JC Superstar
Today is Jimmy Cagney's birthday. He was best as a tough guy in films like Public Enemy, Angels With Dirty Faces, The Roaring Twenties and White Heat, but never liked being typecast and was always trying to break away from such roles, going independent more than once.
He succeeded best at breaking free in a film that by chance I recently watched, Yankee Doodle Dandy. He got to return to his theatrical roots, dancing and (sort of) singing, and, in fact, won his only Oscar.

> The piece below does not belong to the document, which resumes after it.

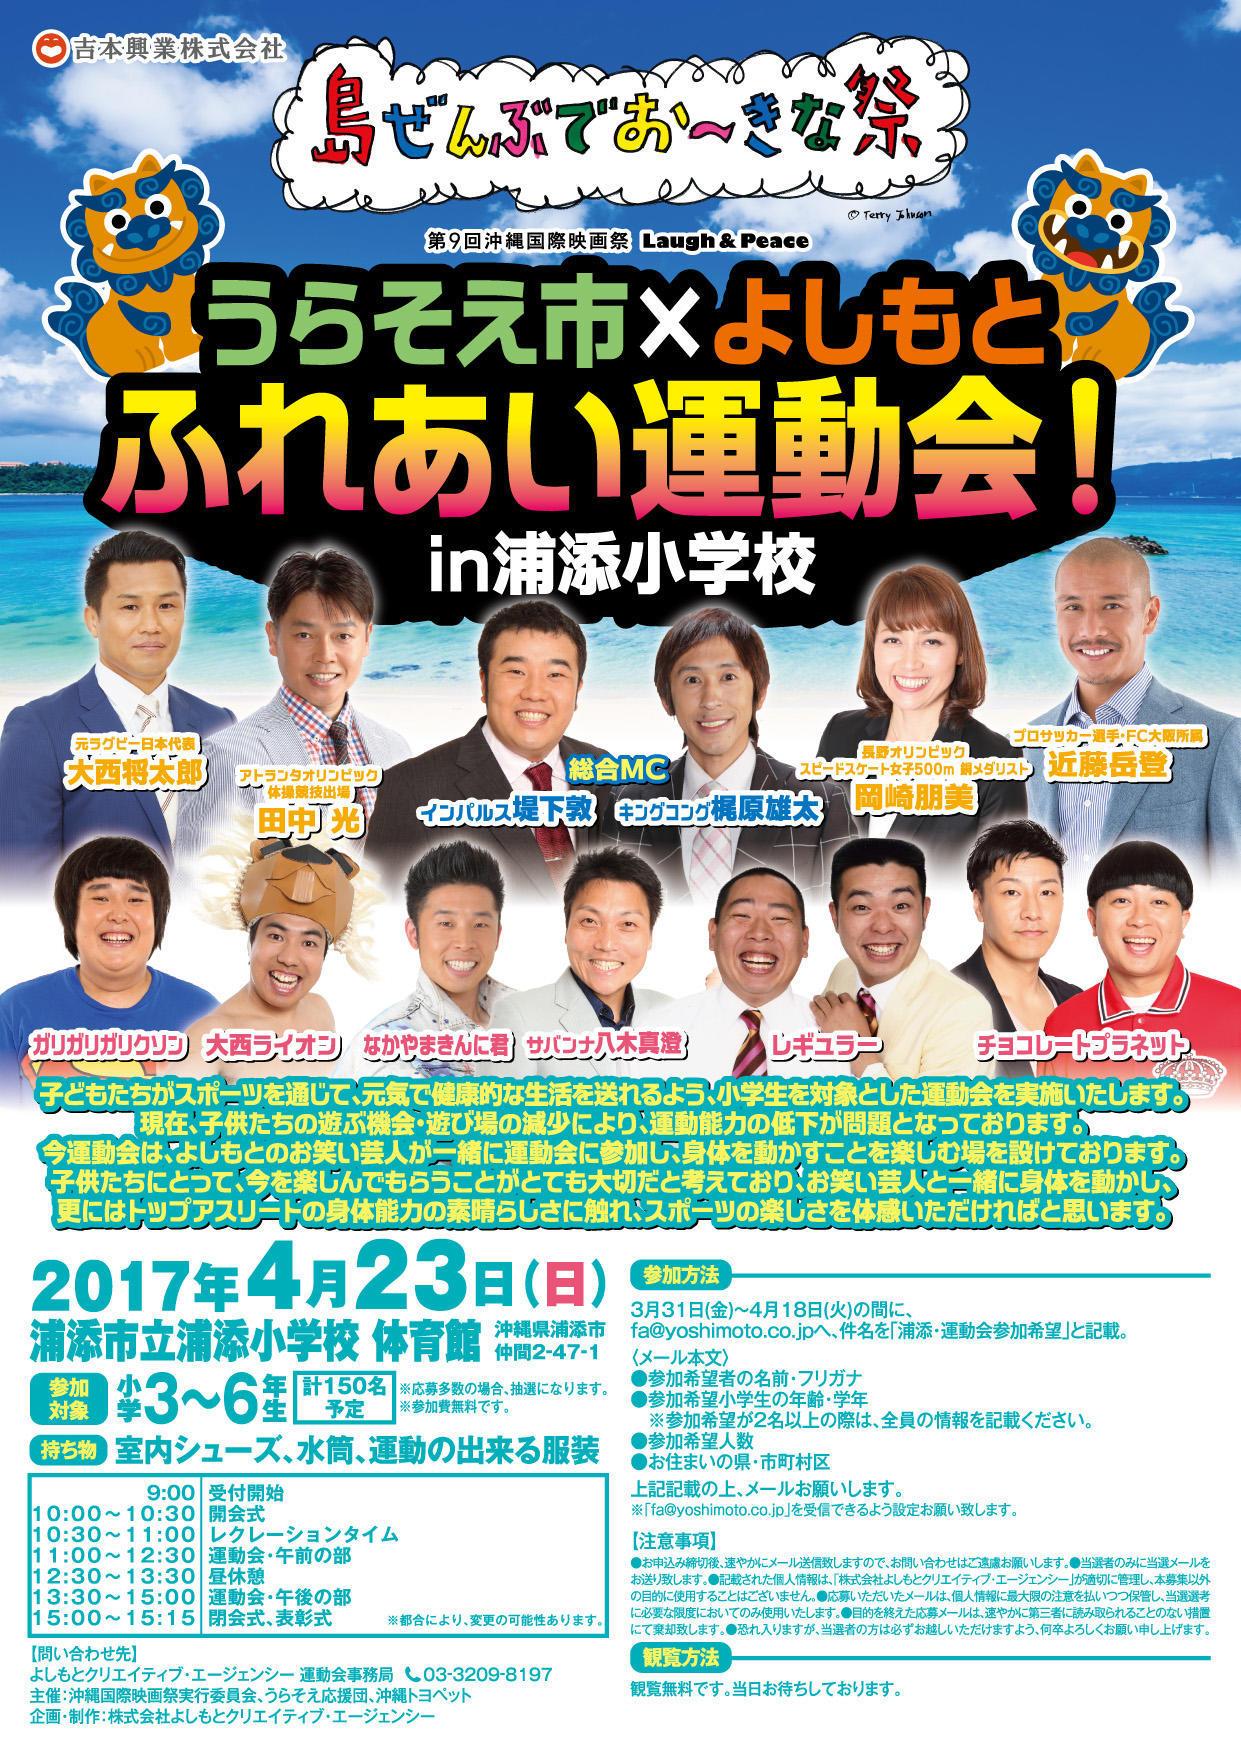 http://news.yoshimoto.co.jp/20170331150016-8dd30c07a995b1fe6917c3095533bedef6048722.jpg
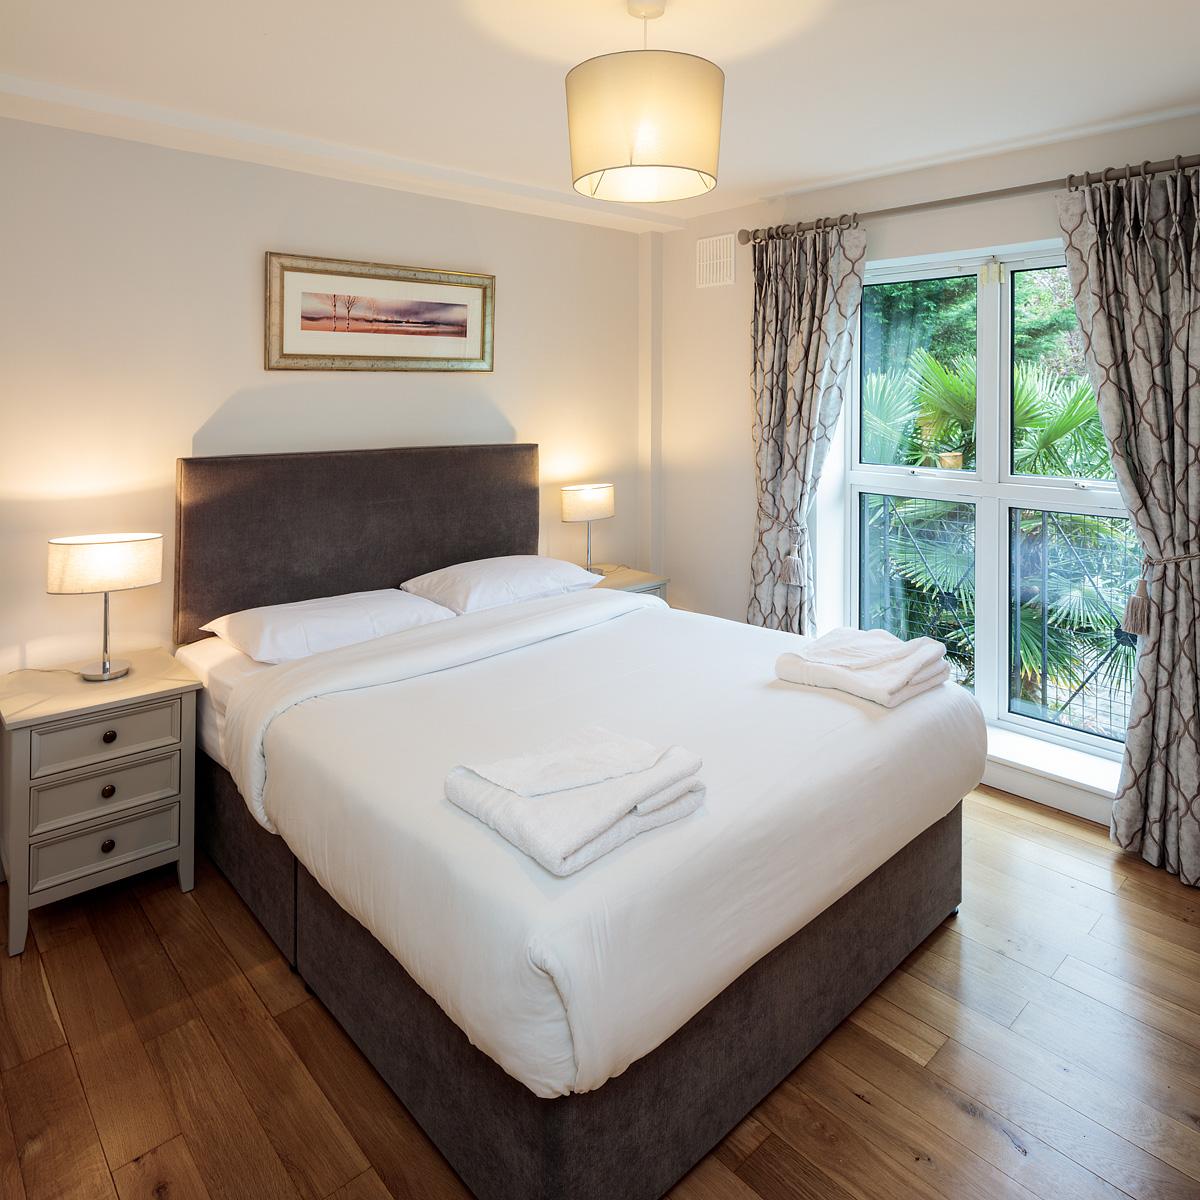 Bright bedroom at Baggot Rath House Apartments, Ballsbridge, Dublin

It's a musical biopic, a genre Hollywood used to be good at but has essentially given up. The story is, of course, highly fictionalized, but the numbers (unlike in some other musicals, such as Cagney's great Footlight Parade) are done in a realistic style and much like the original versions.
The only problem I've got, aside from it being overlong (and a bit of a whitewash of a guy who was basically an unpleasant character), is the fact they're doing Cohan songs. Occupational hazard, but really, his stuff doesn't hold up that well--it's corny and sing-songy and would soon enough be replaced by the far superior tunes of Kern, Gershwin, Rodgers and others.
Still, Cagney is a sparkplug who makes his scenes work, no matter how hokey. And it's fun to see him in a role that lets him have this much fun.